Tuesday, April 26, 2016

Prince



Rude Boy

I used that as a screen name years ago when I first started going online. Some people assumed it was a statement on my personality. Others assumed that I was paying homage to the reggae/ska culture. In actuality, it was neither. It was an homage to a name bestowed back in the 80’s on one of my favorite musical artists. Prince.

It’s been a few days since the announcement of his death and I’ve had some time to reflect on this. I’ve been a fan of Prince since my early teens years and now I’m circling 50 (I have no issues with my age). More than that, I have been an admirer. Even though I am not a musician, I considered him to be an artistic mentor. The way that he approached his art created such a revolution (pun intended). The things that you weren’t supposed to be able to do, Prince dived into head first. Jazz, Rock, R and B, rap, funk, psychedelic and New Wave genres weren’t supposed to blend together. Someone forgot to give that memo to Prince. And if they had, I’m sure that it would’ve ended up in the royal dumpster along with all the other preconceived notions about how an artist should approach creativity.
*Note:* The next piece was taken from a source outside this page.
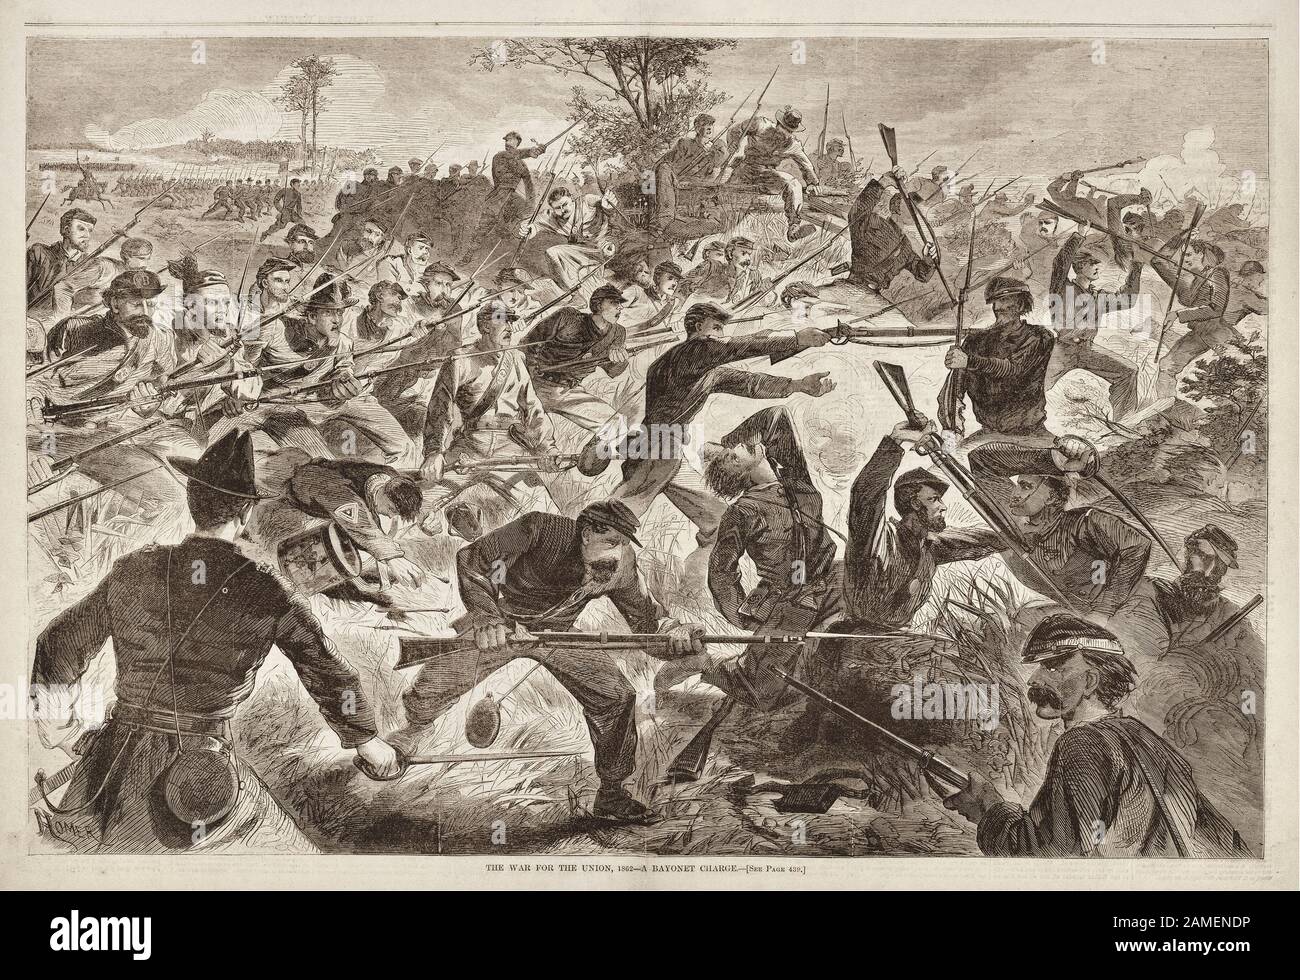 La guerra por la Unión, 1862 – Una Carga de bayoneta. Julio 1862 En el verano de 1862 el Ejército del Potomac montó un asalto a Richmond, Virginia, pero Foto de stock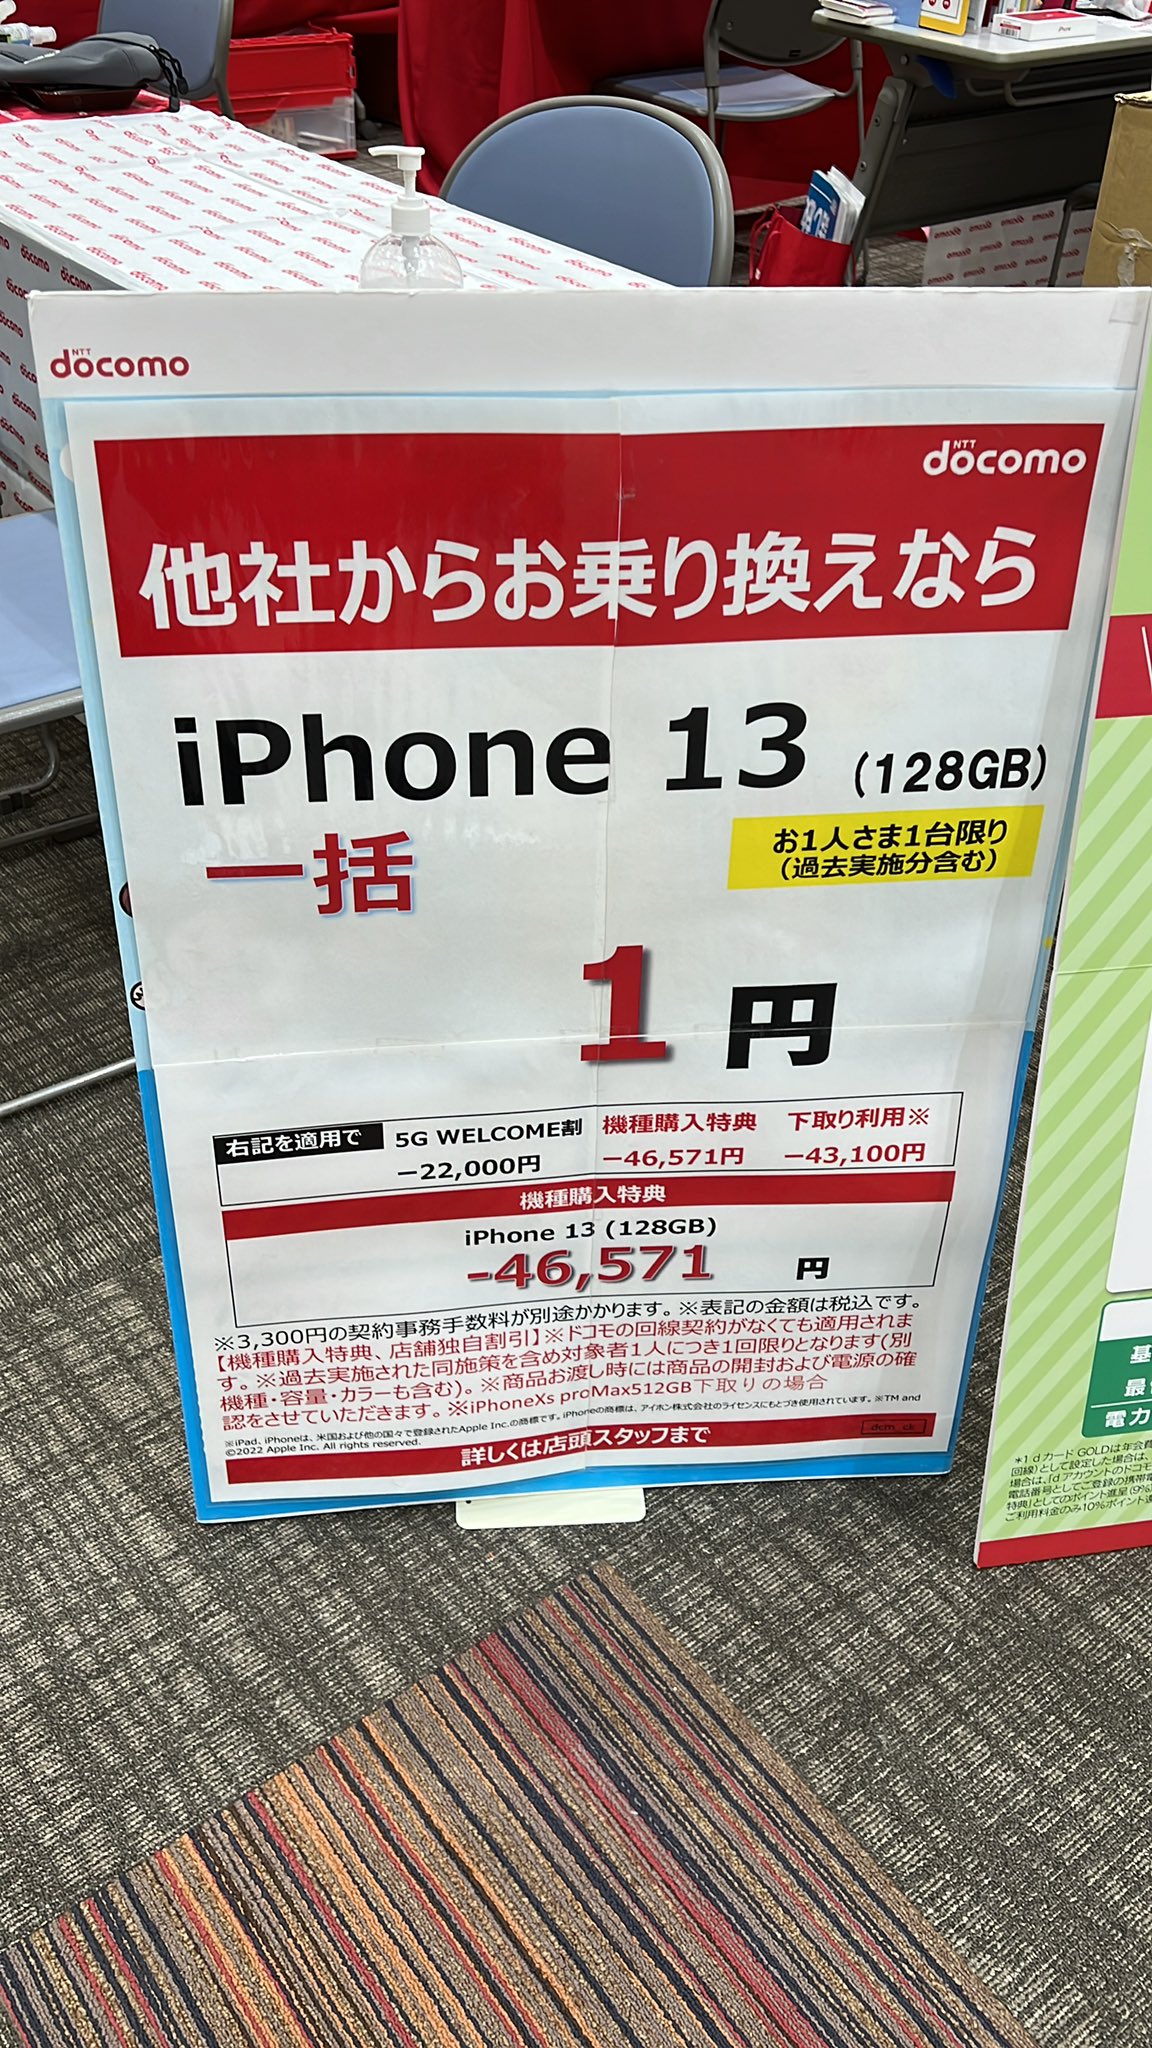 Iphone13 Iphone13pro グリーン 乗換 Mnp 一括1円 0円 7月8月以降もproはキャッシュバックあり 携帯情報 コム

This year of 2016 has been a tough one for the crossing over of talented musicians. We lost Maurice White from Earth, Wind and Fire, David Bowie, Phife Dawg from Tribe called Quest, Paul Kanter from Jefferson Airplane, Merle Haggard, Glenn Frey from the Eagles and Denise Matthews aka Vanity to name some of them. It seems that the era of artists that relied on talent and will and not studio tricks and made up image is slowly becoming a thing of the past.

Yet, the loss of Prince hit me especially hard. I devoured his music. The poster from the Purple Rain album hung on my wall. I memorized lyrics and played his songs over and over. Just when you would get comfortable with one musical style, the next year, you got something totally different. I even had a teen crush on Lisa ;).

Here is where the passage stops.